There's a litany of urgent issues that cry out for coordinated regional solutions: crushing pension debt, high unemployment, racial wealth gaps, barriers to capital for small businesses and homeowners, chronic illness, poor air and water quality, inconvenient transit options, lack of affordable housing and health care, eroded safety and trust in the police. And the list goes on.

Are we paying the price today for not proactively planning in the past? That's true, in part.

Metropolitan Chicago's official plan is called On To 2050, and it is a sound blueprint. But it's lacking mechanisms to challenge local decisions that are out of step with its vision for the collective good.

Similarly, the Regional Transportation Authority has new capital funds from Rebuild Illinois to modernize transit. But it lacks the tools to knit the Chicago Transit Authority, Metra, Pace, Divvy and Uber/Lyft into a customer-centered system of travel choices, especially for those without a car.

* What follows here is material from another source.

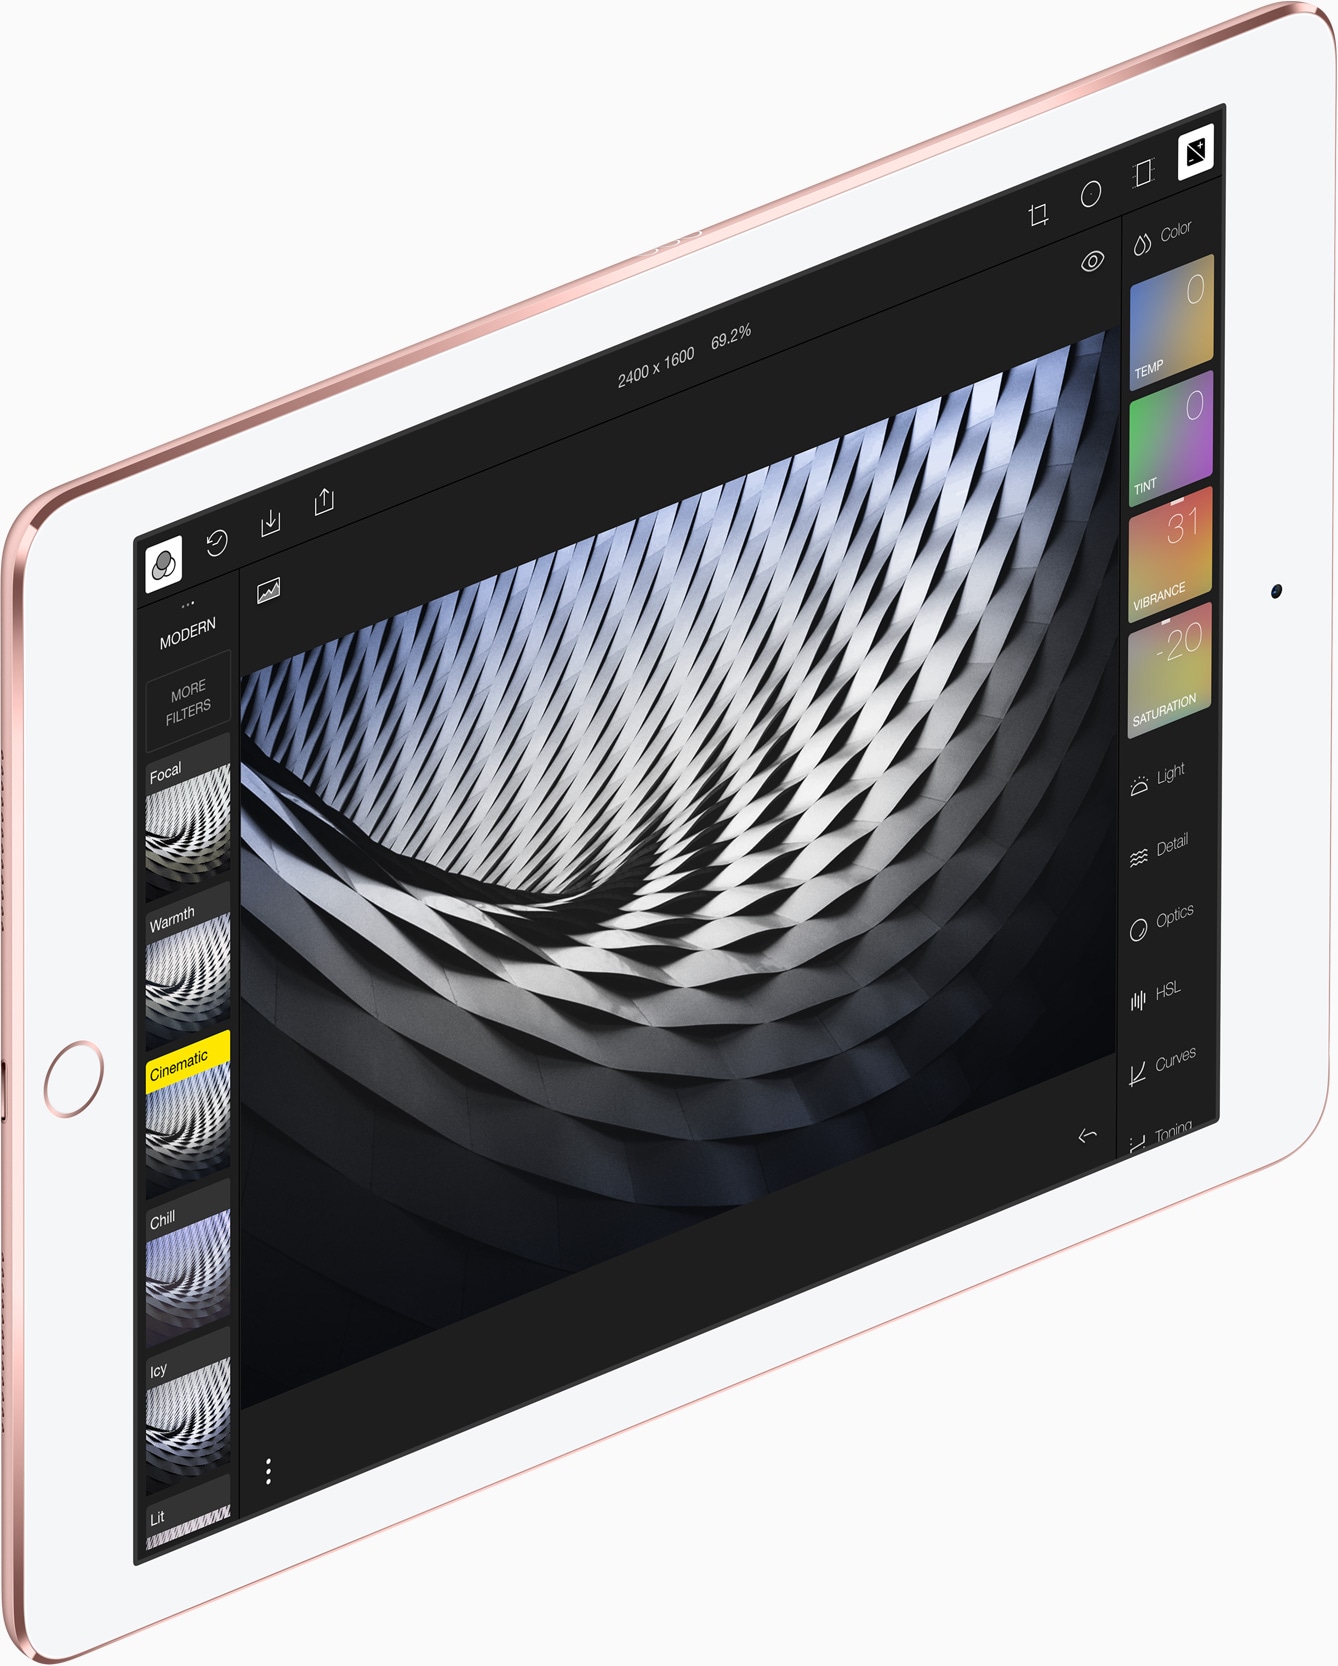 Tela Retina do iPad Pro de 9,7 polegadas

And we wring our hands at Illinois' 852 school districts and 7,000-plus units of local government, wondering where the political will to streamline and consolidate could be found.

We—all of us—can create the political will. And we must.

The pain is real. Ask a family whose kids are learning remotely and who have lost a grandparent to COVID-19, whose father lost a job, whose mother is working in a high-risk setting. None of these adversities are the result of personal choices. It's limited choice, anti-Black policies and inequitable investments that have caused our region to stagnate.

Ask John Rogers of Ariel Investments, who told the Metropolitan Planning Council's 2020 Annual Event audience: "From 1992 to 2016, college-educated African Americans saw their wealth decline 10 percent, while college-educated whites saw their wealth increase by 96 percent over a roughly 25-year period. We need to make sure that people understand that we're much worse off" in reference to the economic prospects for Blacks in America.

This "reset and rebuild" moment means deploying the next wave of federal, philanthropic and corporate assistance far differently—not equally, but rather commensurate with needs. That deployment must be informed by active listening to the experts: local residents who love their community, want to embrace investment and deserve an assurance that they won't be displaced.

As we devise the road map to an equitable recovery, let's remind ourselves that we are not only residents of households, but also of cities and regions. We are interdependent humans—lonelier than before, but still part of a web, reliant on each other.

Returning to "normal" is unacceptable because too many people were robbed of the chance to achieve the American Dream. Regions are the most promising laboratory to change the status quo. This is our moment to redirect public and private resources, restructure for success and rewrite our region's unjust narrative.